* Assignment
Copy out all of the data word for word. Omit every picture.

* Data section
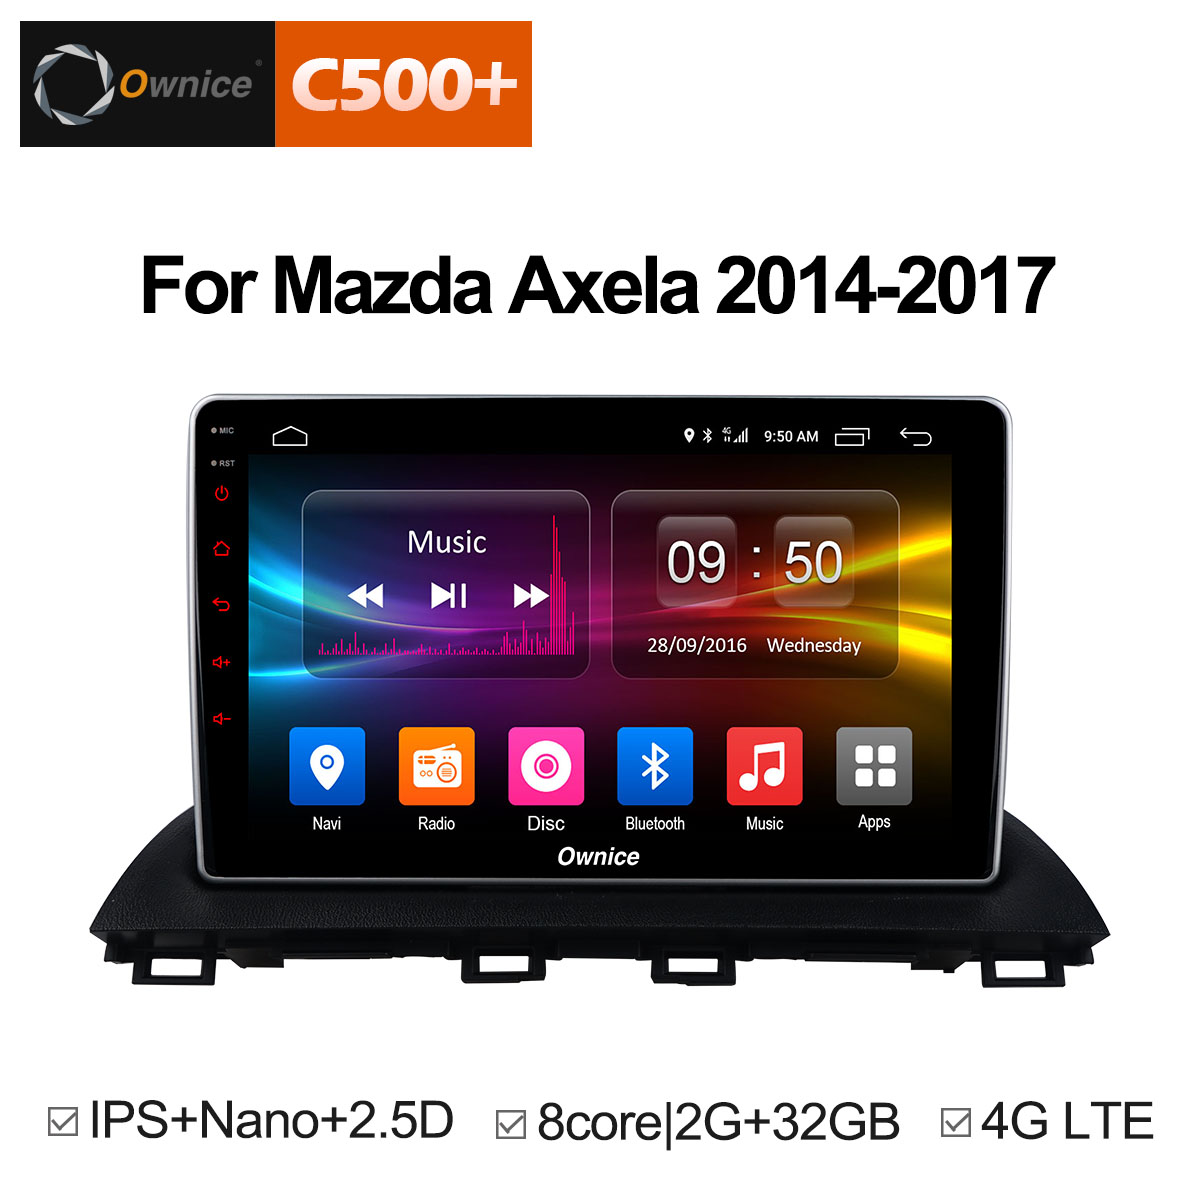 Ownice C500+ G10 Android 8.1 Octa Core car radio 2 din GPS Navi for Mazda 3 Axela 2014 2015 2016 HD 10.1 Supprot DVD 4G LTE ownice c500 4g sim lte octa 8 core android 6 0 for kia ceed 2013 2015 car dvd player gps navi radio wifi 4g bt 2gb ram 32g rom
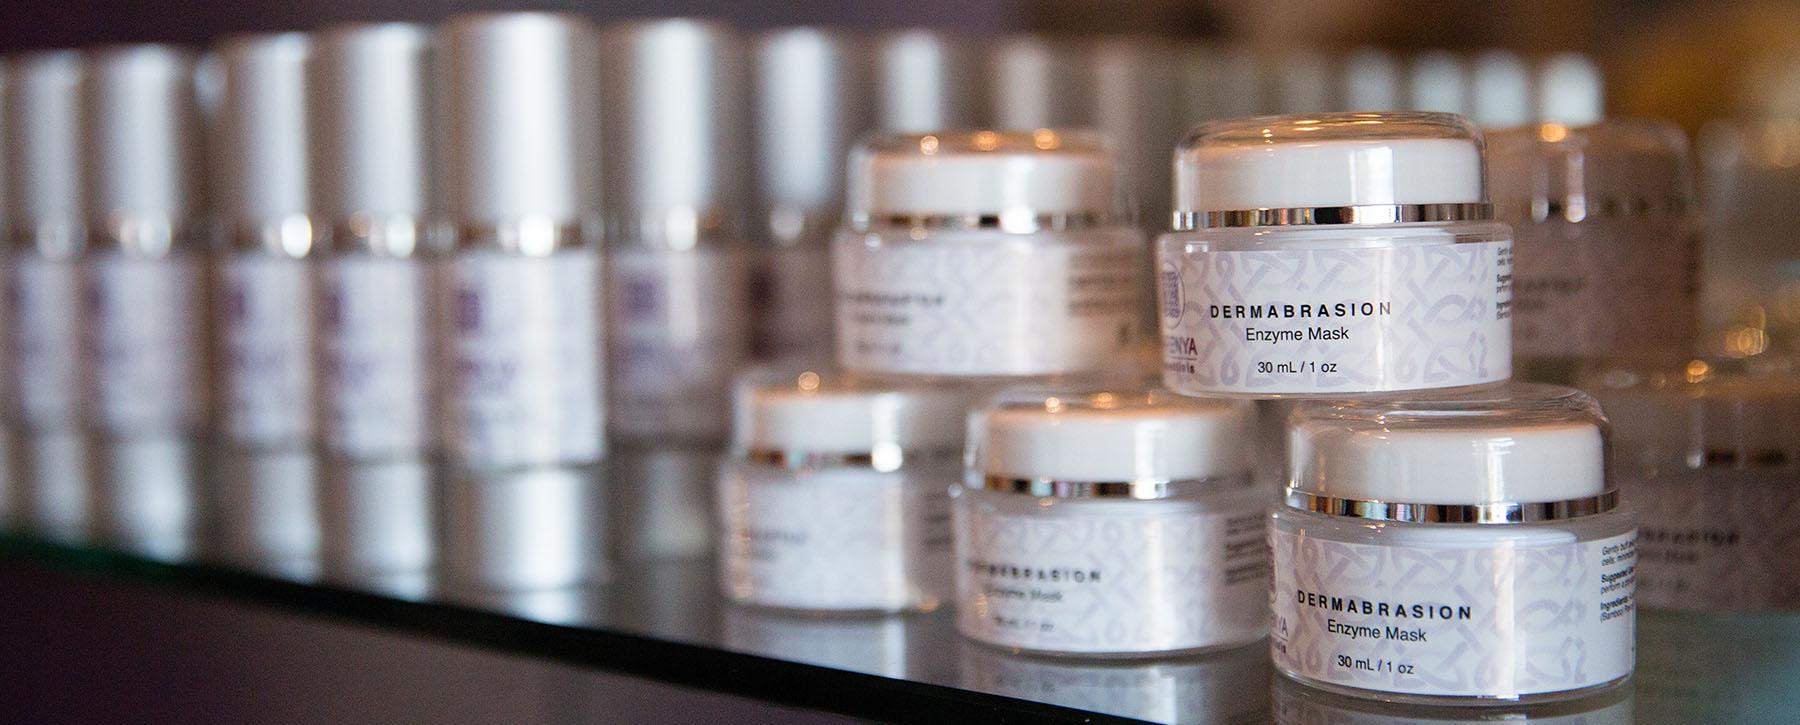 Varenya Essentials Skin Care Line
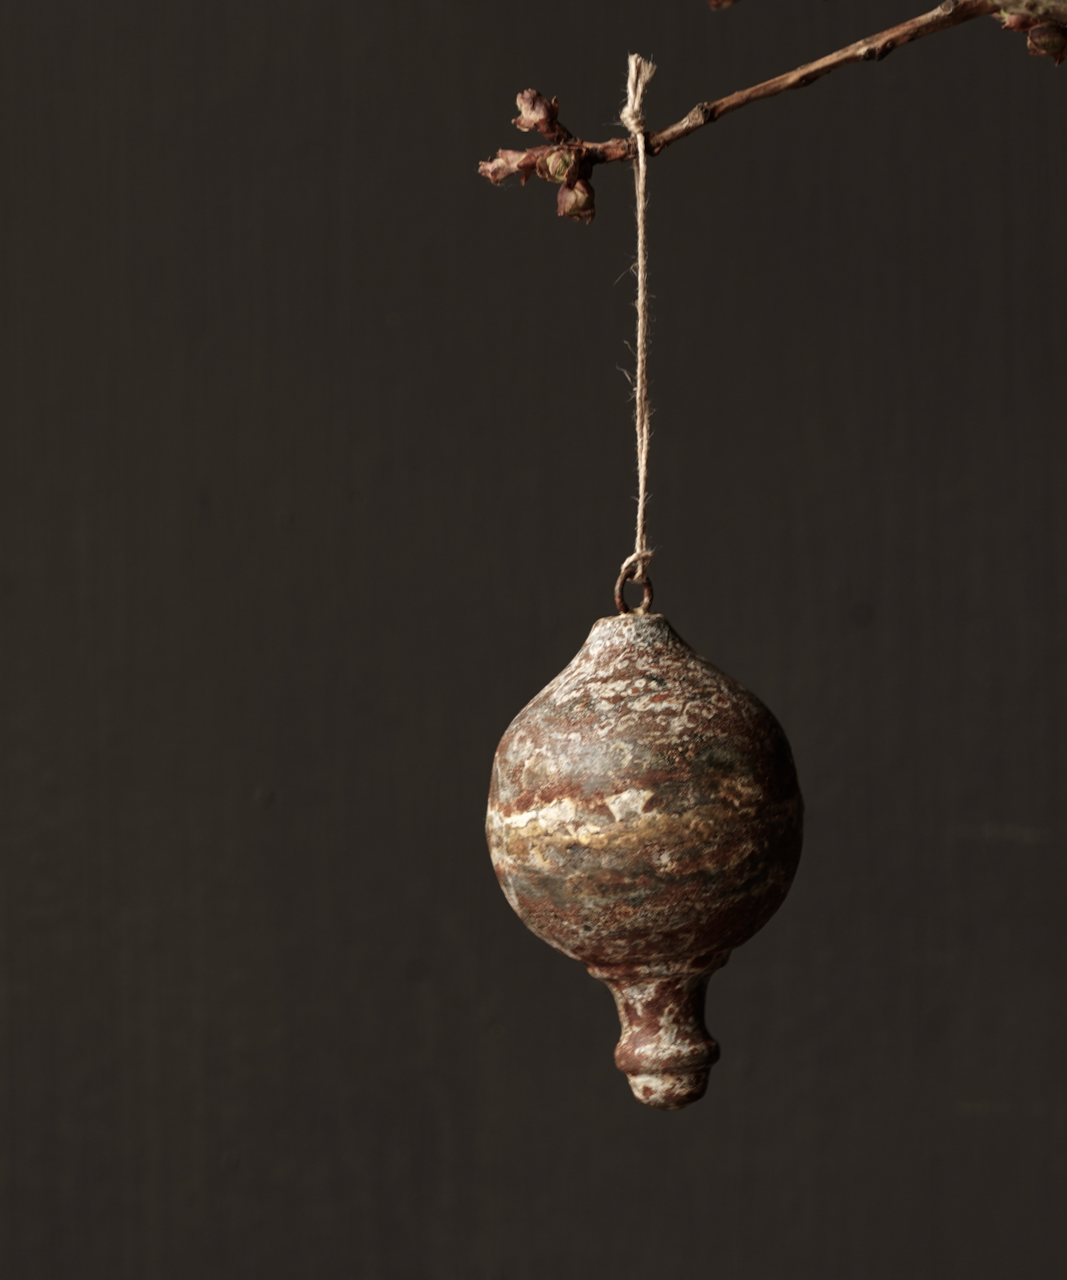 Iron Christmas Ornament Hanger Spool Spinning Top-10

* Solution to this exercise
 Ownice C500+ G10 Android 8.1 Octa Core car radio 2 din GPS Navi for Mazda 3 Axela 2014 2015 2016 HD 10.1 Supprot DVD 4G LTE ownice c500 4g sim lte octa 8 core android 6 0 for kia ceed 2013 2015 car dvd player gps navi radio wifi 4g bt 2gb ram 32g rom
 Varenya Essentials Skin Care Line
 Iron Christmas Ornament Hanger Spool Spinning Top-10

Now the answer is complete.